The sticky triple left me with $[50,200,360]$ to put in place of $[1,2,6]$. So, I put the problem down for awhile.

The next time that I was in the car, I realized that the radius for the sticky triple was less than $200$. That meant that the larger box was touching the upper half of the circle instead of the lower half. The circle had to overlap the box.

So, I was back to the drawing board. Of course, I’d have been back to the drawing board at some point anyway because that sticky triple violated both of my small numbers criteria.

Warning: If you want to play around with finding a set of numbers that work, do it before you read the following. There are even more spoilers ahead.

### Infinitely many combinations to get an integer radius

When I next sat down to play (pronounced: /OBSESS/) with this problem, I quickly hit upon the following way to take any Pythagorean triple $(a, b, c)$ and make a version of the above puzzle where the radius $r$ is an integer.

In fact, using a 3-4-5 triangle, it is obvious that had the distance between the blocks in the original problem been 7 instead of 6, the radius would have been a small natural number.

Now. Now, I had infinitely many ways to construct this problem so that the radius was an integer. But, did I have all of the ways?

### All your configuration are belong to us

When looking at that last diagram, the first question that comes to mind (for me) is: Do I really need to use the same Pythagorean triple on the left and right triangles? The answer, of course, is No.
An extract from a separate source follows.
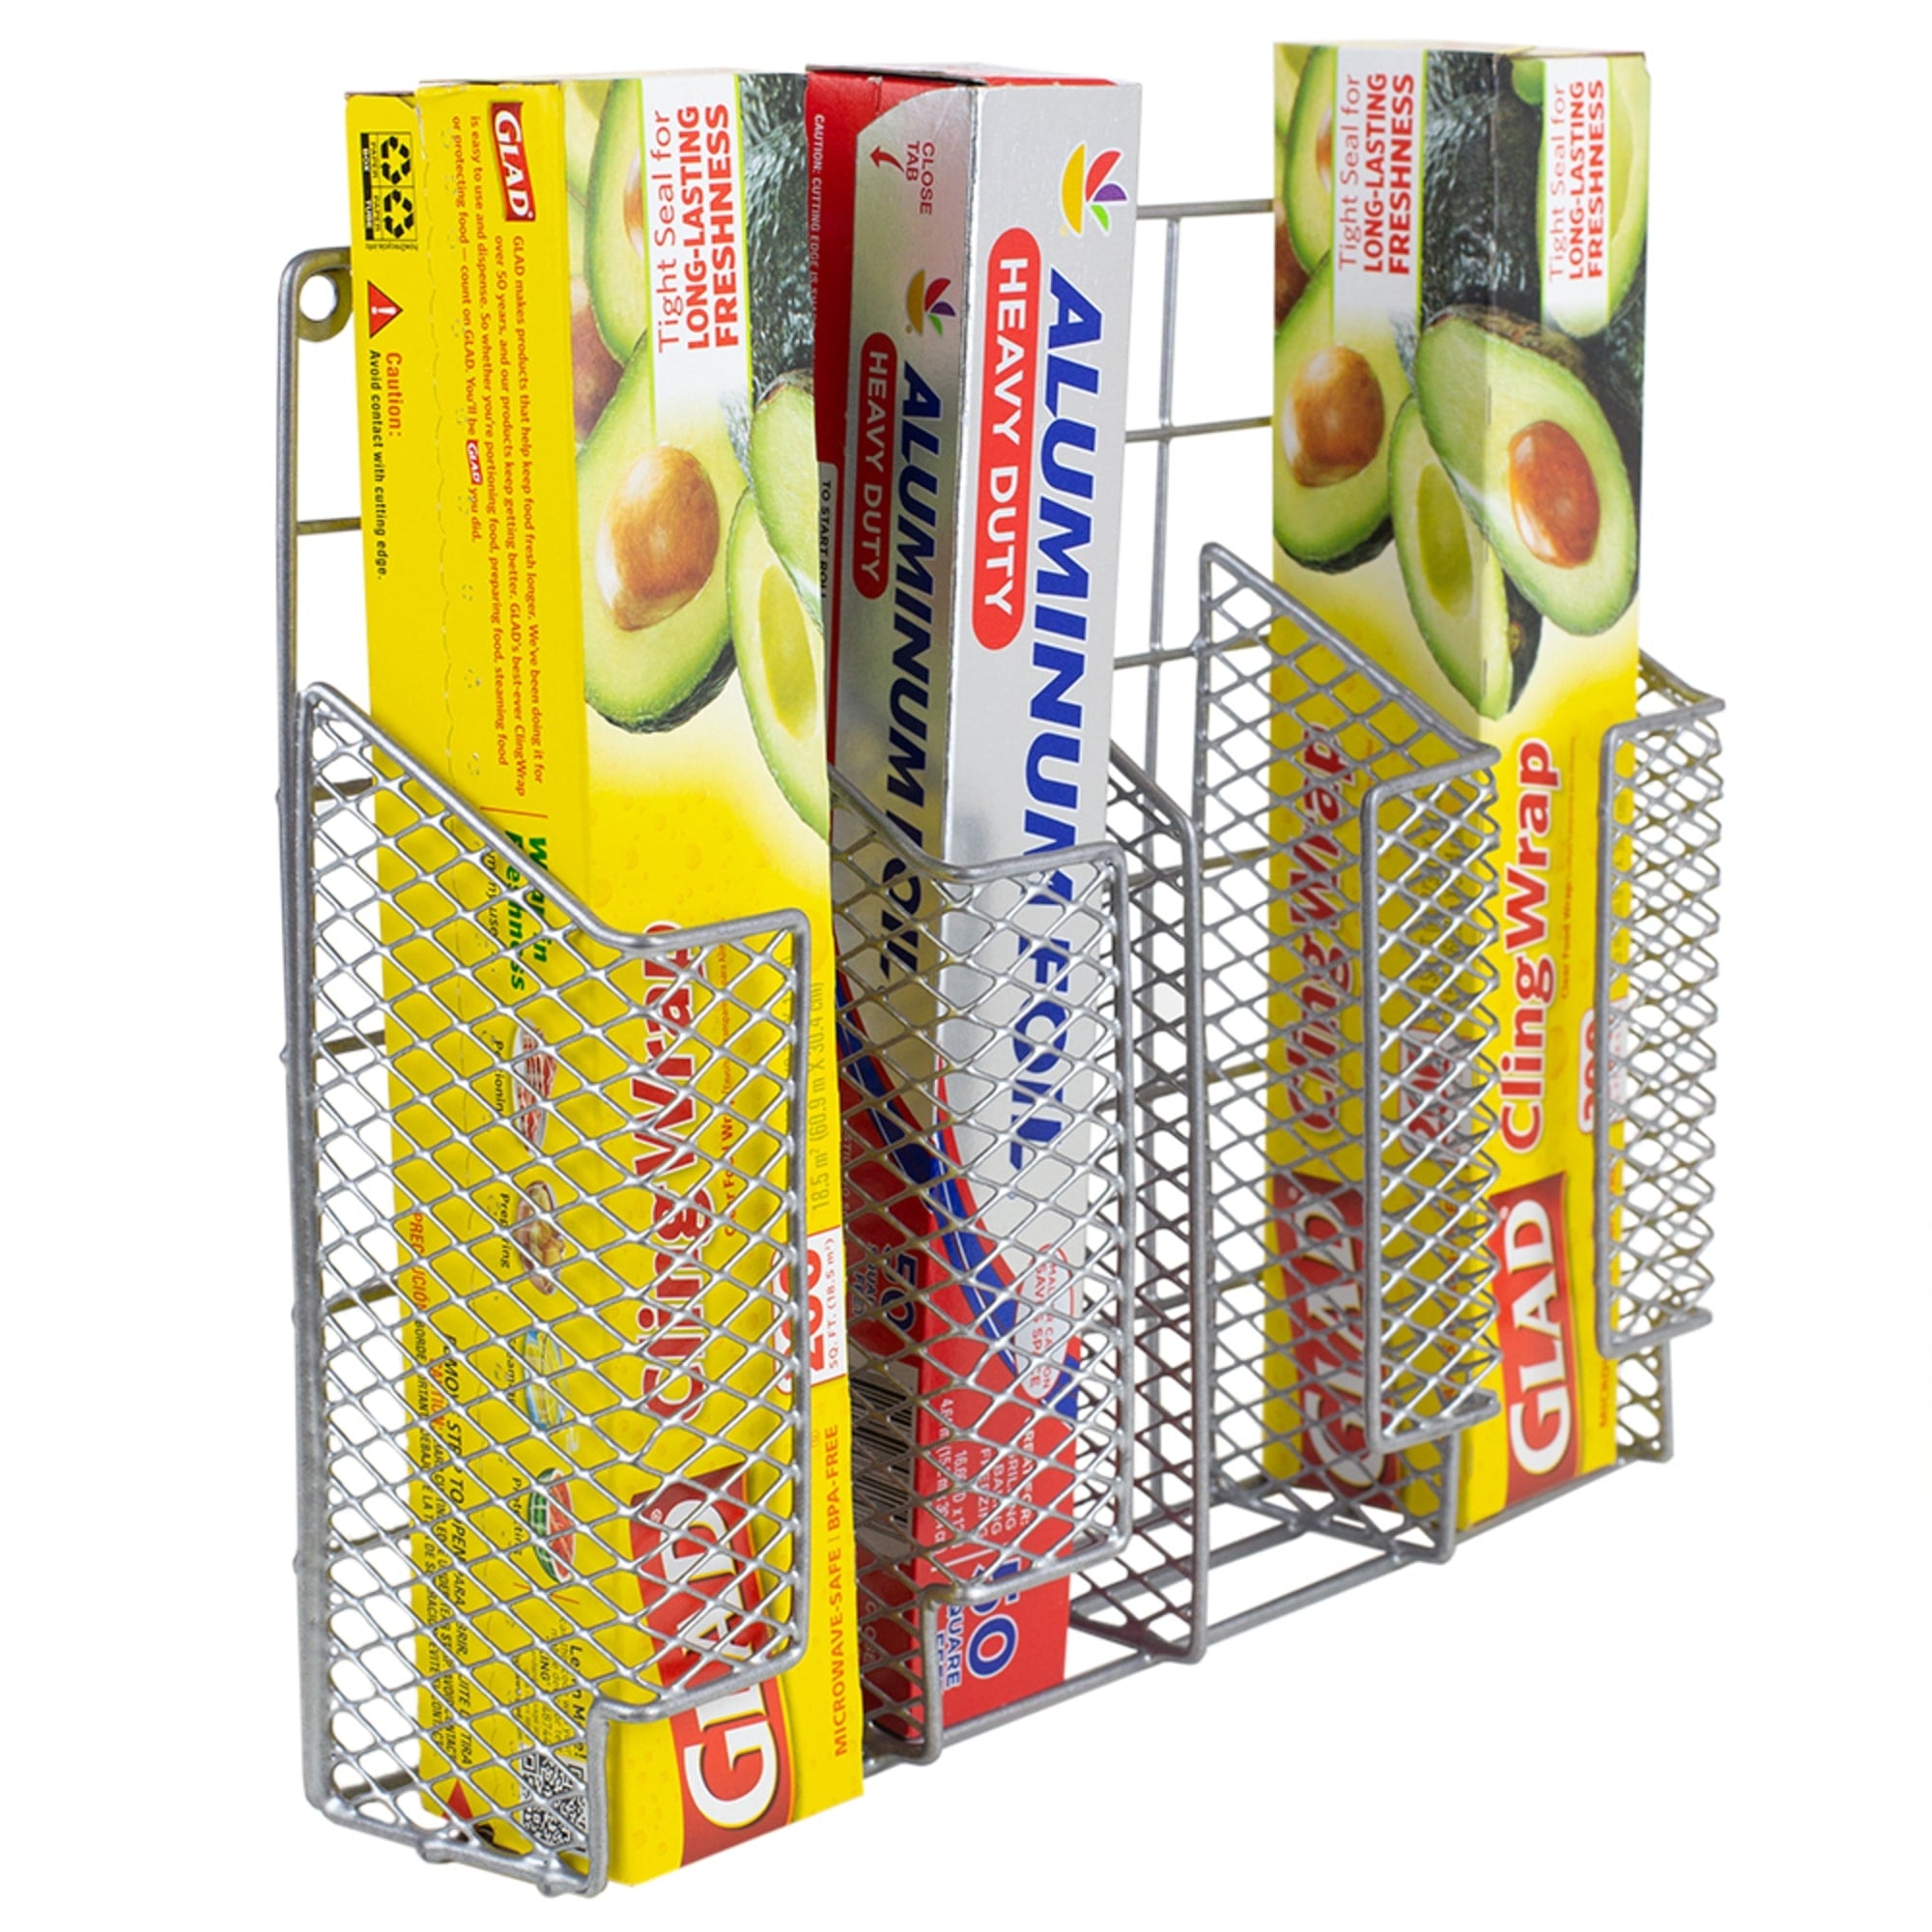 Home Basics Over the Cabinet Vinyl Coated Steel Wrap Organizer, Silver $8.00 EACH, CASE PACK OF 6

If I have two Pythagorean triples $(a_1,b_1,c_1)$ and $(a_2,b_2,c_2)$ and $d$ is any (positive) divisor of both $c_1$ and $c_2$, then I can start with an $a_1-b_1-c_1$ triangle on the left and an $a_2-b_2-c_2$ triangle on the right. I can then scale up the left triangle by $c_2/d$ and scale the right triangle up by $c_1/d$. Now, both triangles have the same hypotenuse.

This means that if the left block has height $c_2 (c_1 - b_1)/d$, the right block has height $c_1(c_2 - b_2)/d$, the distance between the two blocks is $(c_2 a_1 + c_1 a_2)/d$, and the resulting circle has radius $c_1c_2/d$.

Does this cover all of the solutions? Could I possibly have non-integer $a_1$ and $a_2$ such that $(c_2a_1 + c_1a_2)/d$ is still integer?

Well, for the problem to be formulated entirely with integers, we certainly need the hypotenuse of the right triangles to be an integer. Further, to make the blocks integer heights then both of the legs of the right triangles along the vertical radius must also be integer. So, if the triangle on the left had hypotenuse $r$, vertical leg $b$ and horizontal leg $a$, then we know that $a = \sqrt{r^2 - b^2}$ where both $r$ and $b$ are integers. Thus, $a$ must be the square root of an integer.

It is easy to see that if $a$ were a non-integer rational number, then its square would also be a non-integer rational number. So, either $a$ is integer or it is the irrational square root of an integer.

So, can $a$ be an irrational number? If $a$ were an irrational number, then the horizontal leg of the other triangle would have to be some integer $n$ minus the irrational $a$ for the distance between the two blocks to be an integer. Let’s say the vertical leg of the triangle on the right is $\beta$. Just like $b$ in the first triangle, $\beta$ must be an integer. We also know that $(n-a)^2 = r^2 - \beta^2$. This, in turn, means that $a = (\beta^2 + n^2 + a^2 - r^2) / (2n)$. The right hand side is clearly rational, so $a$ could not have been irrational.

So, there you have it: all of the numbers that make this problem have all integers on the drawing and an integer answer.